Latter-day impersonators like “Princess Caraboo” and the Baltimore-born Bata Kindai Amgoza ibn LoBagola, whose persona as a self-described “African Savage” and descendant of the lost tribes of Israel, occupied their moments in the popular imagination for years. So, too, did the racist “miscegenation pamphlet” hoax that sought (unsuccessfully) to bring down Abraham Lincoln’s antislavery Republican party, and the writings of the preposterous eccentric Charles Otley Groom-Napier, whose invented titles of Prince of Mantua, Montferrat, Ferrera, Nevers, Rethel, and Alençon were nearly as elaborate as his published pseudo-scientific vegetarian cures for dipsomania. Nineteenth-century manuscript fakes, such as Constantine Simonides’s antiqued and “ancient” Greek manuscript on vellum revealing the mysteries of Byzantine painting, and a false thirteenth-century French Crusader charter designed to qualify several French families’ arms for prominent display in Louis Philippe’s Salles des Croisades at Versailles, demonstrate the eternal human desire to discover “lost” works. A fine gathering of medieval illuminations on actual early parchment fragments by the so-called Spanish Forger and his imitators fed the appetites of art collectors eager for more traditional alternatives to latter-day expressionist and surrealist works. False memoirs, such as Friedrich Nietzsche’s My Sister and I and William Mannix’s spurious The Memoirs of Li Hung Chang, are further standouts among the early twentieth-century holdings.

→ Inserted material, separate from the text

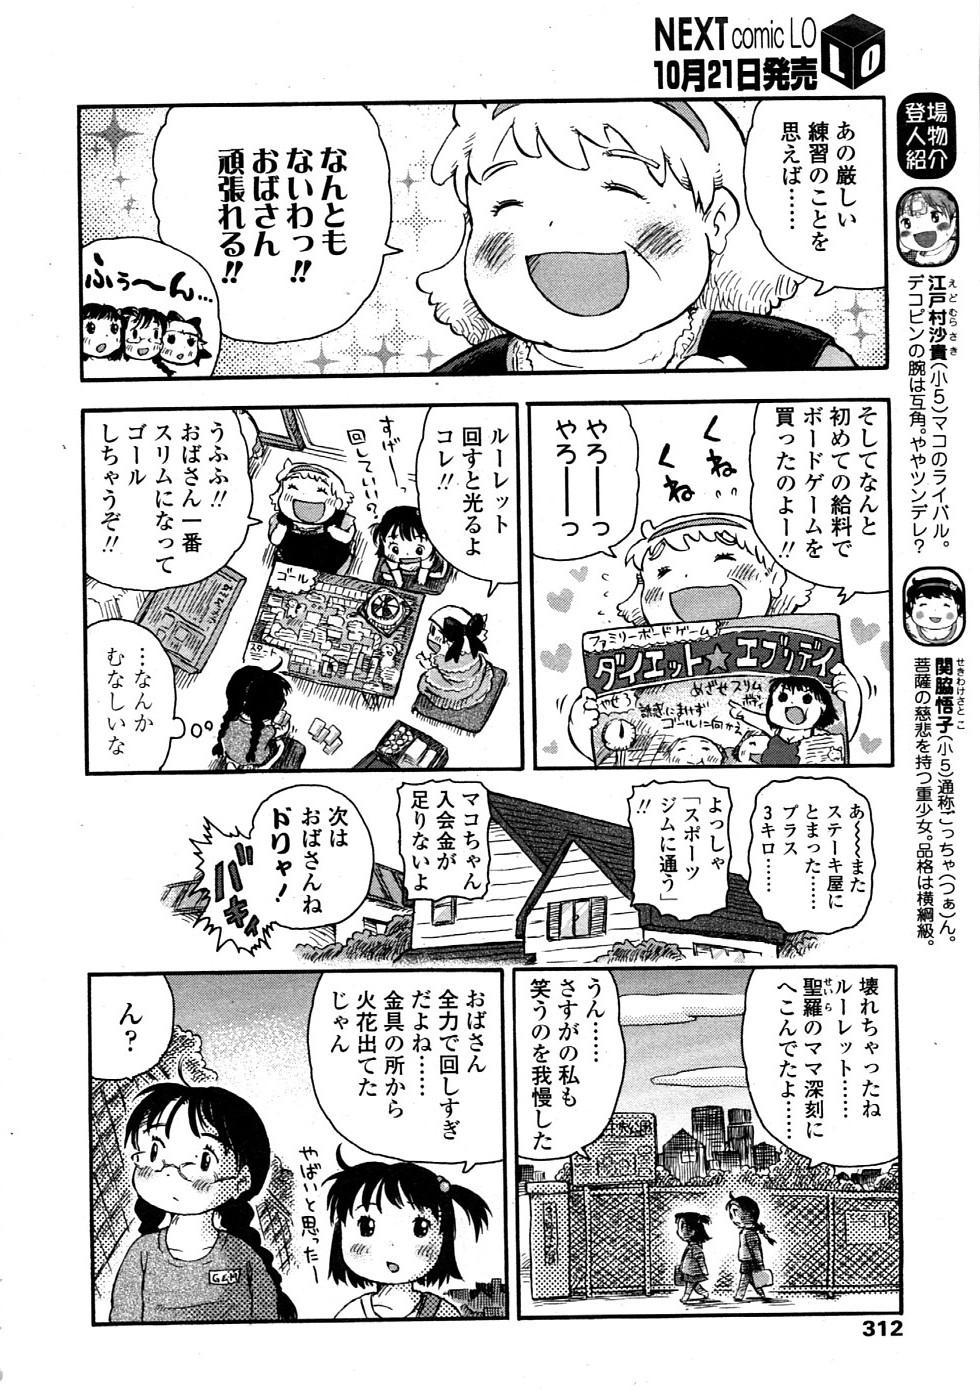 Comic LO 2008-11 Vol. 56 311
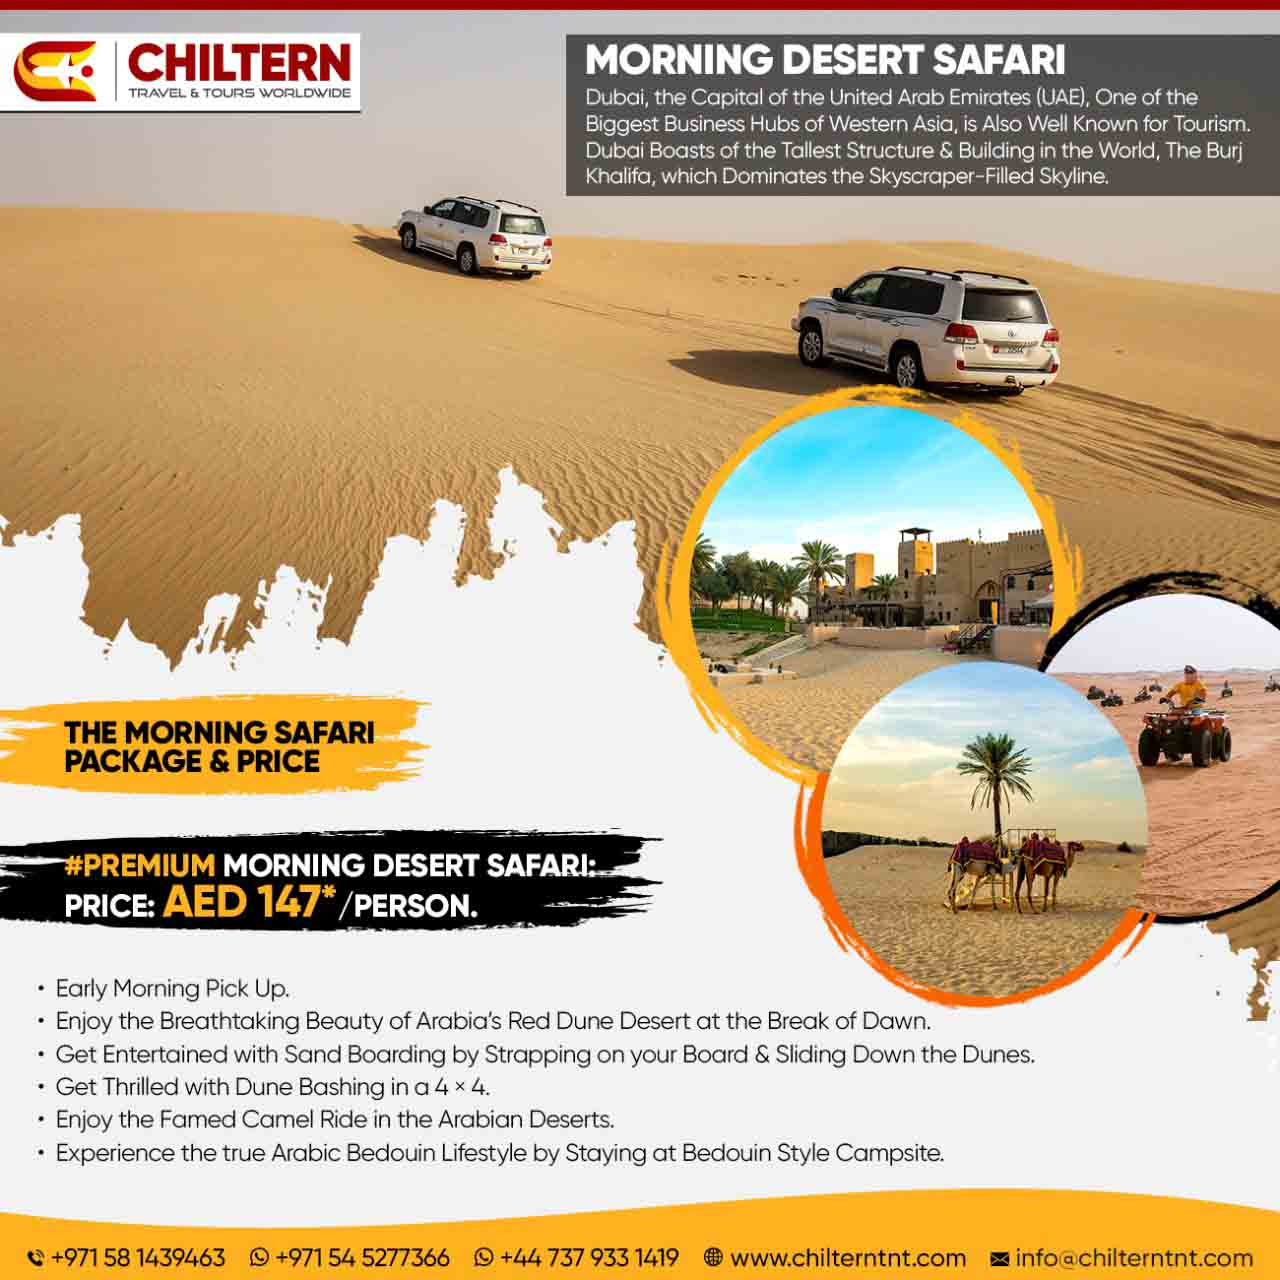 Premium Morning Desert Safari

== Access, valorization and digitization ==

A major exhibition of the Bibliotheca Fictiva collection was held in Johns Hopkins's historic George Peabody Library from October 2014 until February 2015. The allied exhibition catalogue was sold out and reprinted in a revised second edition. A complete item-level printed catalogue is available, and a further ‘Continuation’ of which, enumerating all the additions made to the collection post-2014, will be published in 2022–23. A segment of National Public Radio’s Saturday Edition with Scott Simon offers an introduction to the collection, as well as several magazine articles. An international conference convened at JHU also resulted in a volume of essays inspired by the collection being published by the Johns Hopkins University Press. About one hundred of the earliest and rarest books in the Bibliotheca Fictiva have been digitized in early 2022 and made freely available on the Internet Archive, with the support of the Arcadia Fund, with the hope of much more digital access being provided to the full collection in the coming years. All items in the Bibliotheca Fictiva are also accessible through the JHU online catalogue and Hopkins archival finding aids.